What is OWASP?
The Open Worldwide Application Security Project (OWASP) is a nonprofit organization that works to improve the security of software. It has many programs to work towards this goal. One of those programs is the AISVS.
What is the AISVS?
The OWASP Artificial Intelligence Security Verification Standard (AISVS) focuses on providing developers, architects, and security professionals with a structured framework to evaluate and verify the security and ethical considerations of AI-driven applications. Modeled after existing OWASP standards (such as the ASVS for web applications), AISVS defines categories of requirements across 14 chapters covering areas including model behavior, supply chain integrity, agentic orchestration, privacy, adversarial robustness, and human oversight.
We are in the final stretch before the v1.0 requirement freeze.
Requirements freeze: April 30, 2026. After this date, no new requirements will be accepted for v1.0. We will continue to accept editorial fixes, clarifications, and improvements to existing requirement language.
Target release: June 2026 at the OWASP Global AppSec conference in Vienna.
This is the most important moment to contribute. We are actively refining the control set to ensure every requirement is independently testable, clearly scoped, and useful to both implementers and auditors. Once the freeze lands, the control text is locked for the 1.0 release.
If you have security expertise in any of the 14 chapters and want to leave a mark on the first stable release of AISVS, now is the time.
The most valuable thing you can do right now is review the existing controls and ask:
- Is this requirement independently testable? Can a single auditor verify it with a single, specific piece of evidence?
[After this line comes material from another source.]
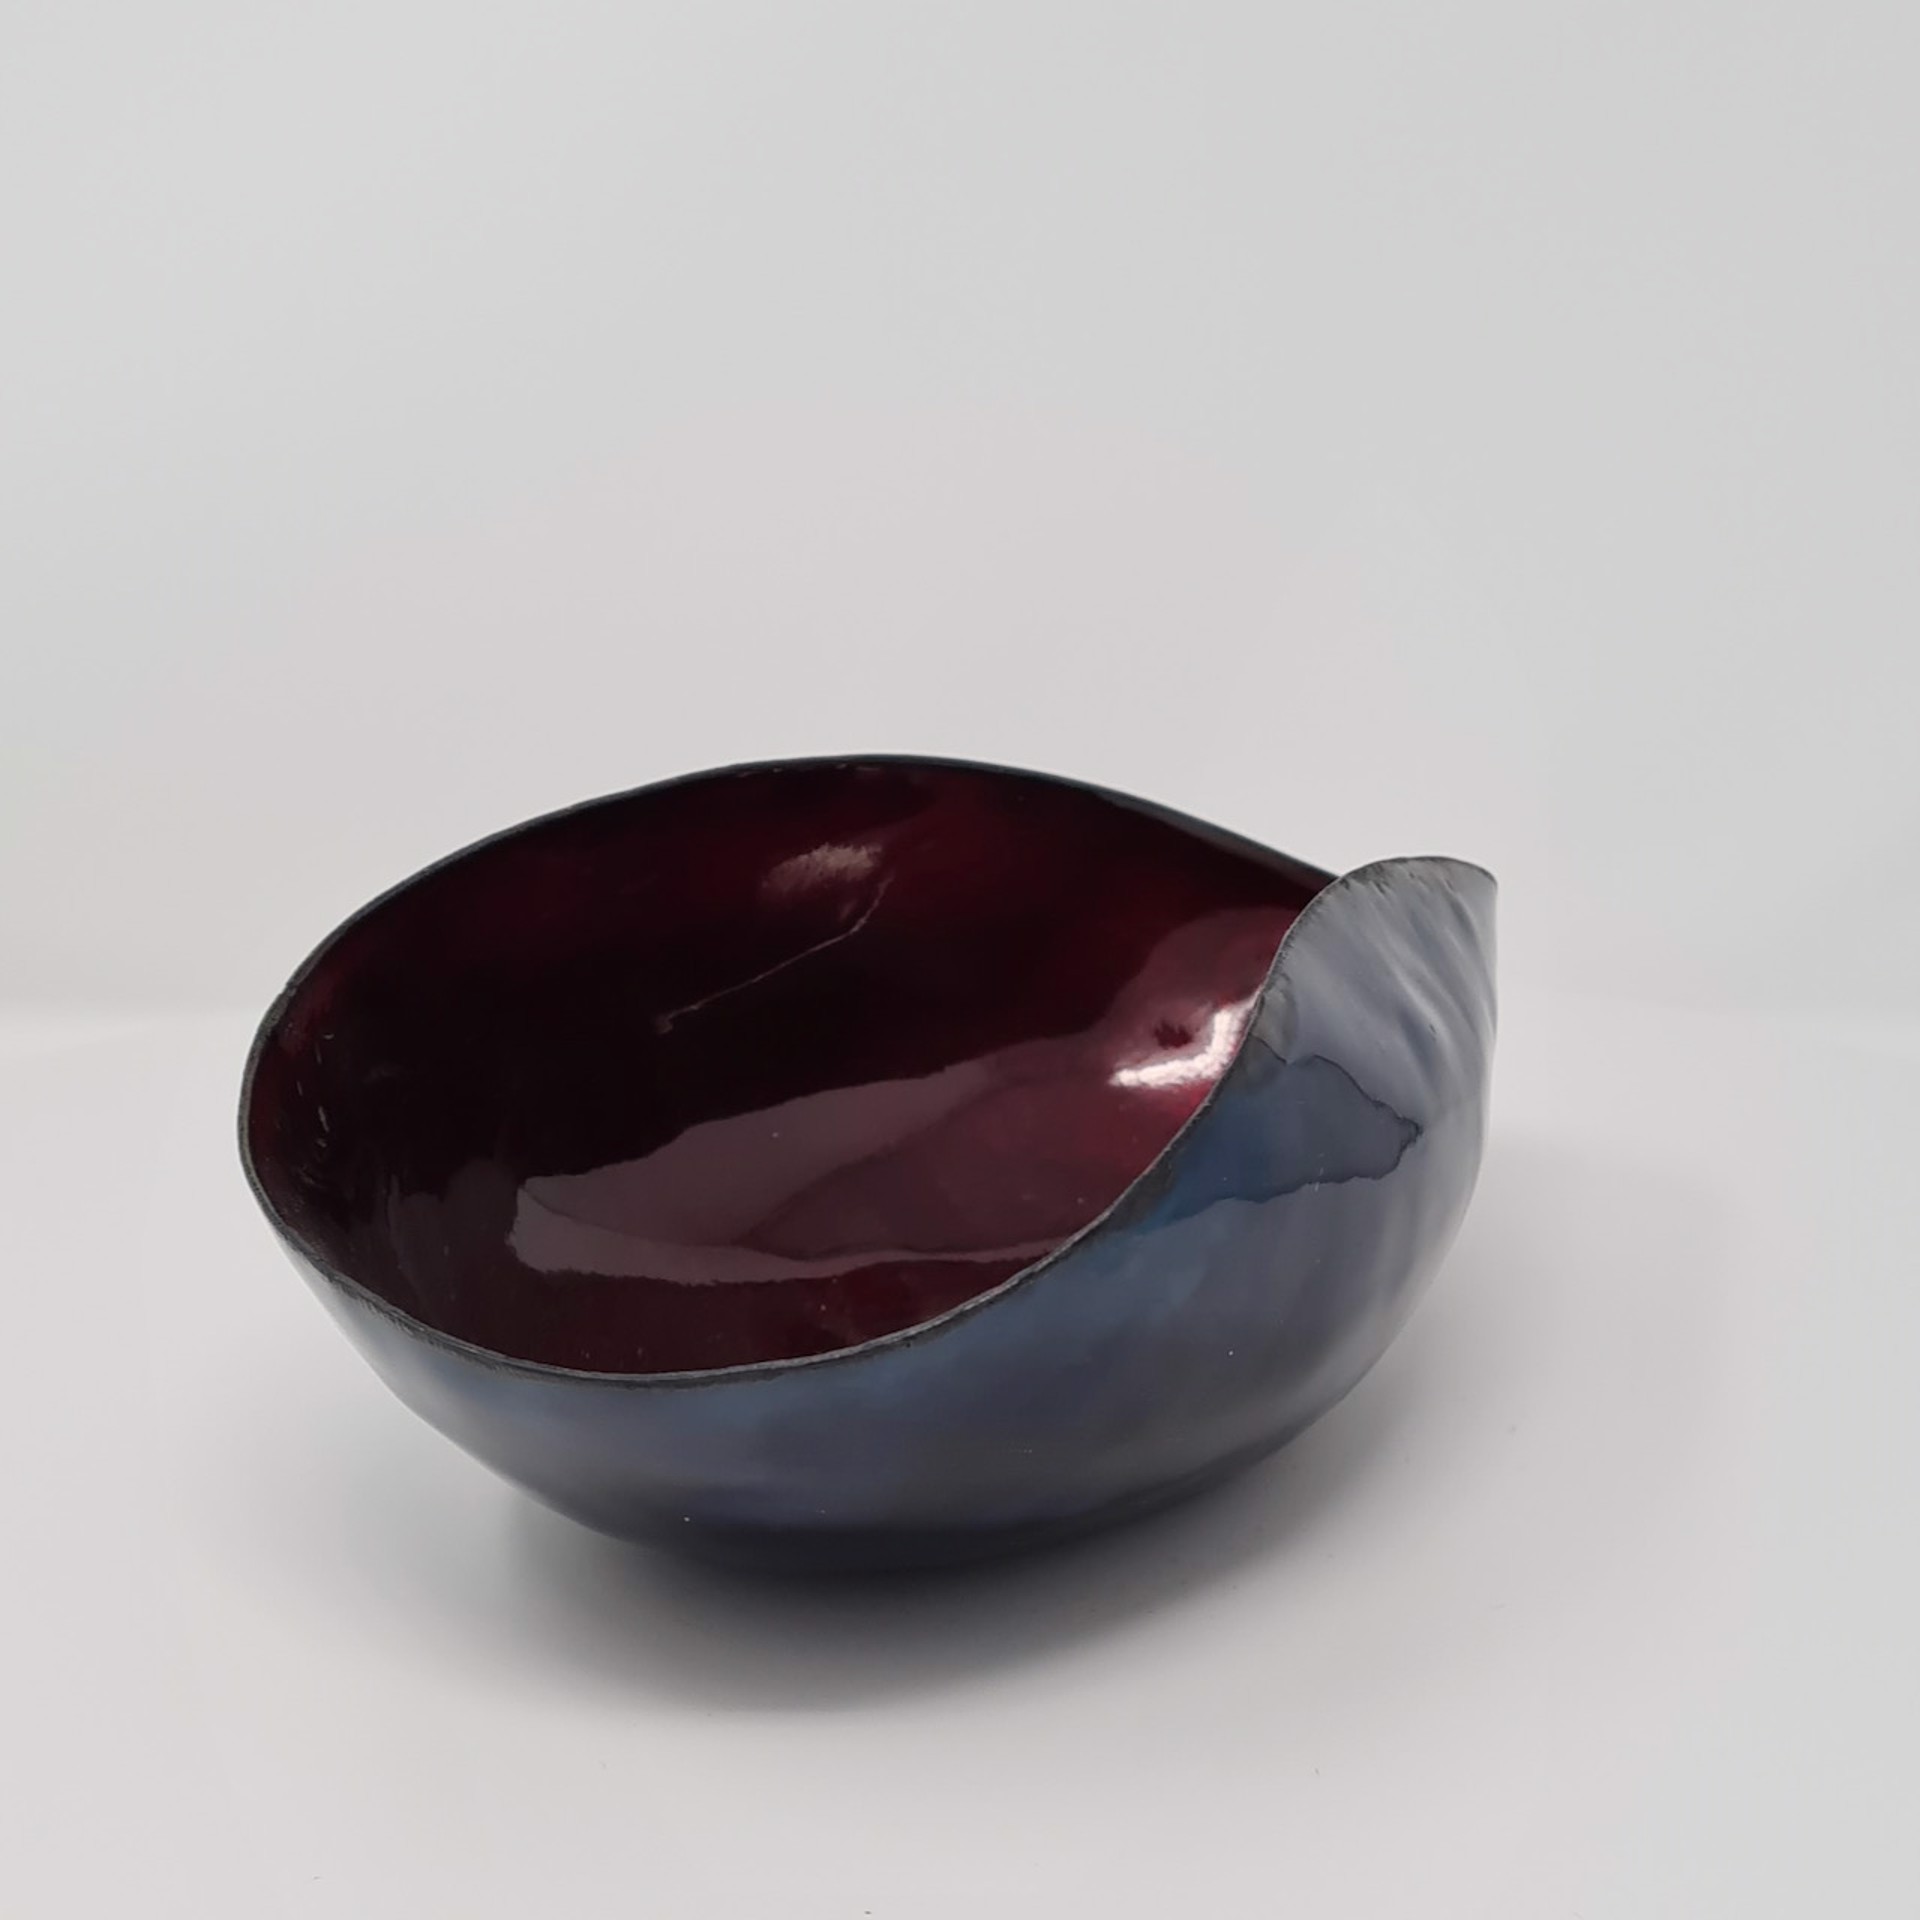 Enamel Copper Altered Bowl by Lundsten Glazzard
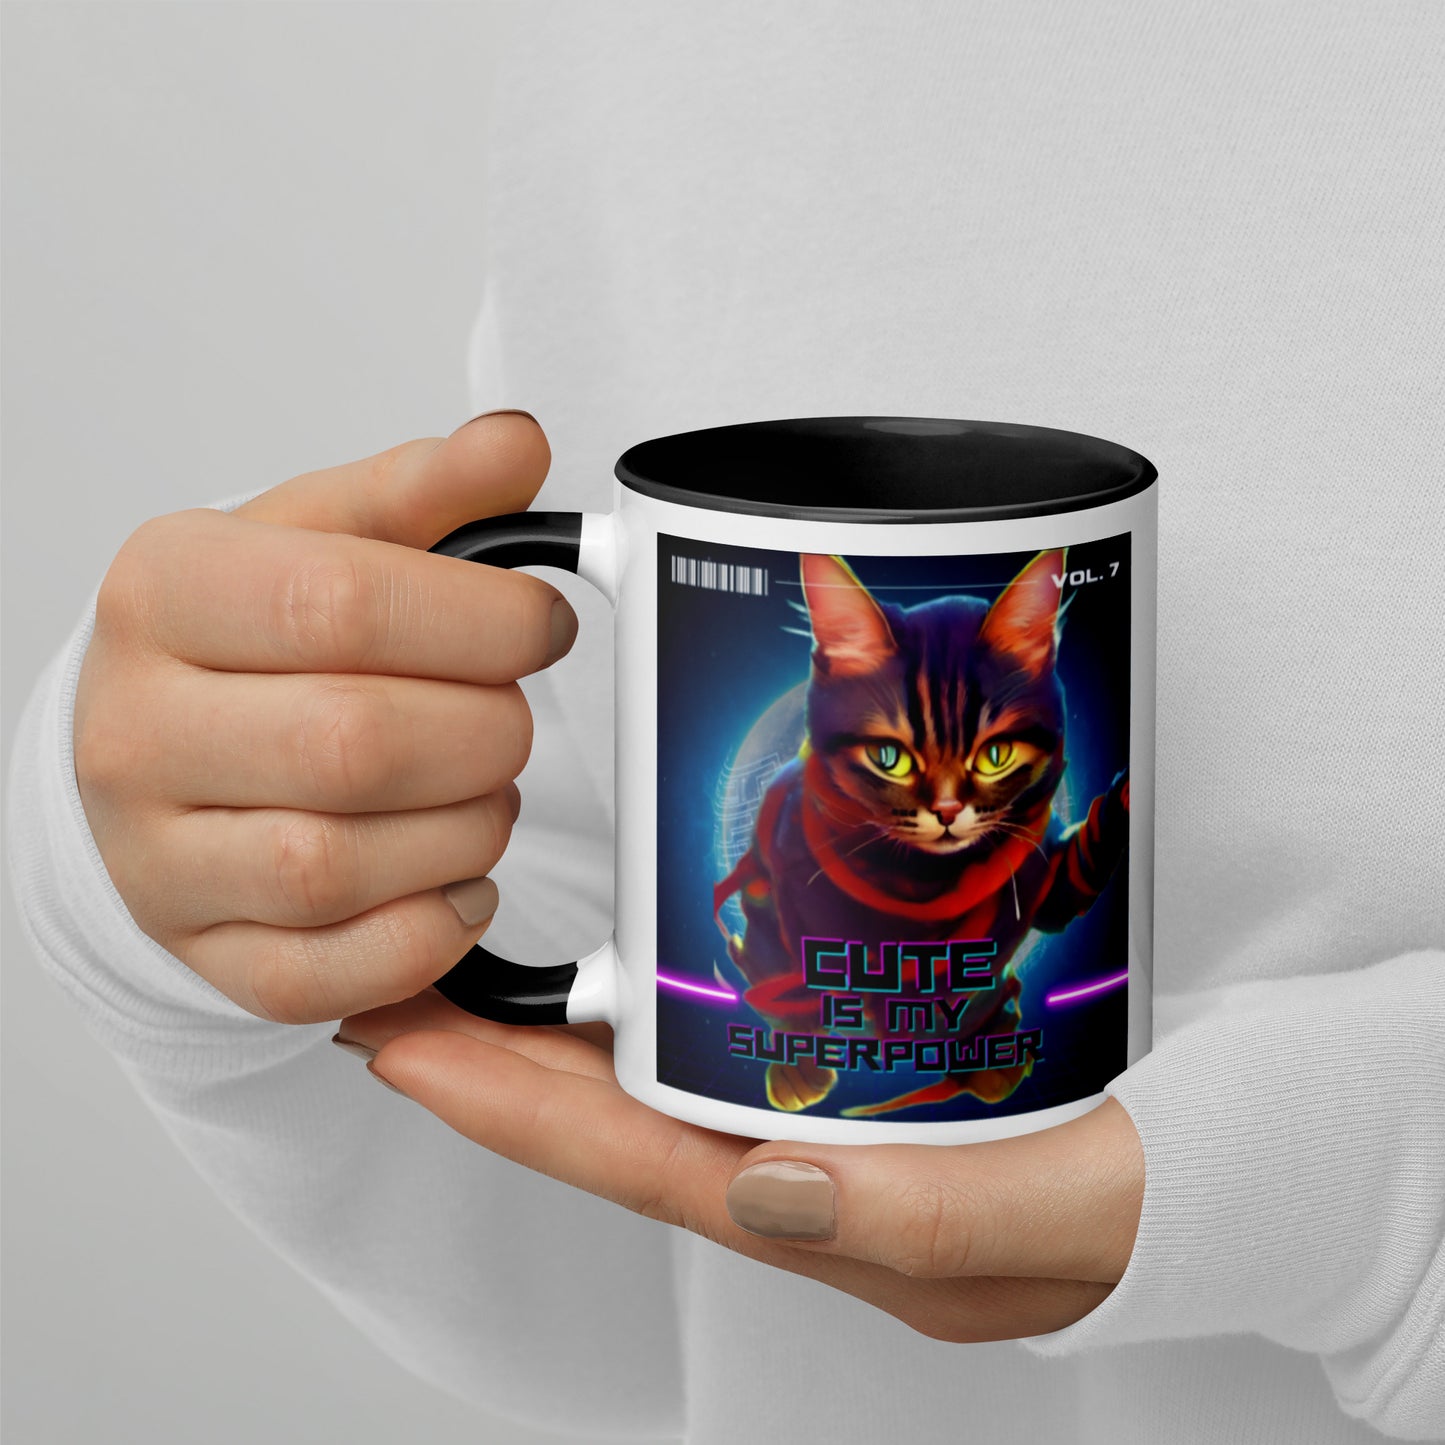 Colorful "Superpower" Mug

- Is the scope clear? Could this control be confused with a control in a different chapter?
- Is anything missing? Are there attack surfaces, failure modes, or real-world AI security concerns that are not covered?
- Is anything duplicated? Do two controls in the same or different chapters say the same thing?
If you find issues, please open a GitHub issue first before submitting a pull request. Good issues describing the problem are just as valuable as PRs.
- Review open PRs: Help us catch scope overlap, wording ambiguity, or controls that are hard to test in practice.
- Add missing controls: If you know of a concrete, testable requirement that belongs in the standard and is not there yet, propose it.
- Fix compound requirements: Controls that bundle two distinct testable concerns into one should be split. See our existing split PRs for examples of the expected format.
- Improve references: Each chapter should reference the best available standards, frameworks, and research for its topic area.
Please first log ideas, issues, or questions here: https://github.com/OWASP/AISVS/issues.
We may also ask you to open a pull request, https://github.com/OWASP/AISVS/pulls, based on the discussion in the issue.
We are looking for help with translations after v1.0 is released!
AISVS uses a two-part v<MAJOR>.<MINOR> version scheme and a published release policy that defines what can change in a minor release, what requires a major release, and how patch-level fixes are handled in-branch without a separate version. See RELEASE.md before proposing changes that add, remove, or restructure requirements.
AI tools are welcome as a productivity aid across the entire contribution workflow -- drafting issues, writing PR descriptions, sketching initial requirement text, spotting gaps, or formulating review comments. If it gets good ideas into the project faster, use it.
The line is ownership and substance. Every contribution must reflect the contributor's own security judgment, whether that contribution is a requirement, a PR description, a review comment, or an issue. What we want to avoid:
- Submitting large blocks of AI-generated text without reviewing or editing it. If you would not defend every sentence in a discussion, it should not be in your issue, PR, or comment.
- Using AI to pad a contribution. A thin idea wrapped in generated prose is still a thin idea, and reviewers will notice.
- Requirements or requirement text that reads as generic boilerplate rather than a concrete, testable control. AISVS controls must be independently verifiable; vague filler fails that bar regardless of how it was produced.
- Review comments that restate what is already visible in the diff without adding security judgment. AI-assisted reviews are welcome; AI-generated summaries posted as reviews are not.
What good AI-assisted contribution looks like: you have a security concern or a point to make, you use AI to help articulate it clearly, and you submit something you can fully explain and defend. The AI helped you write it; the judgment is yours.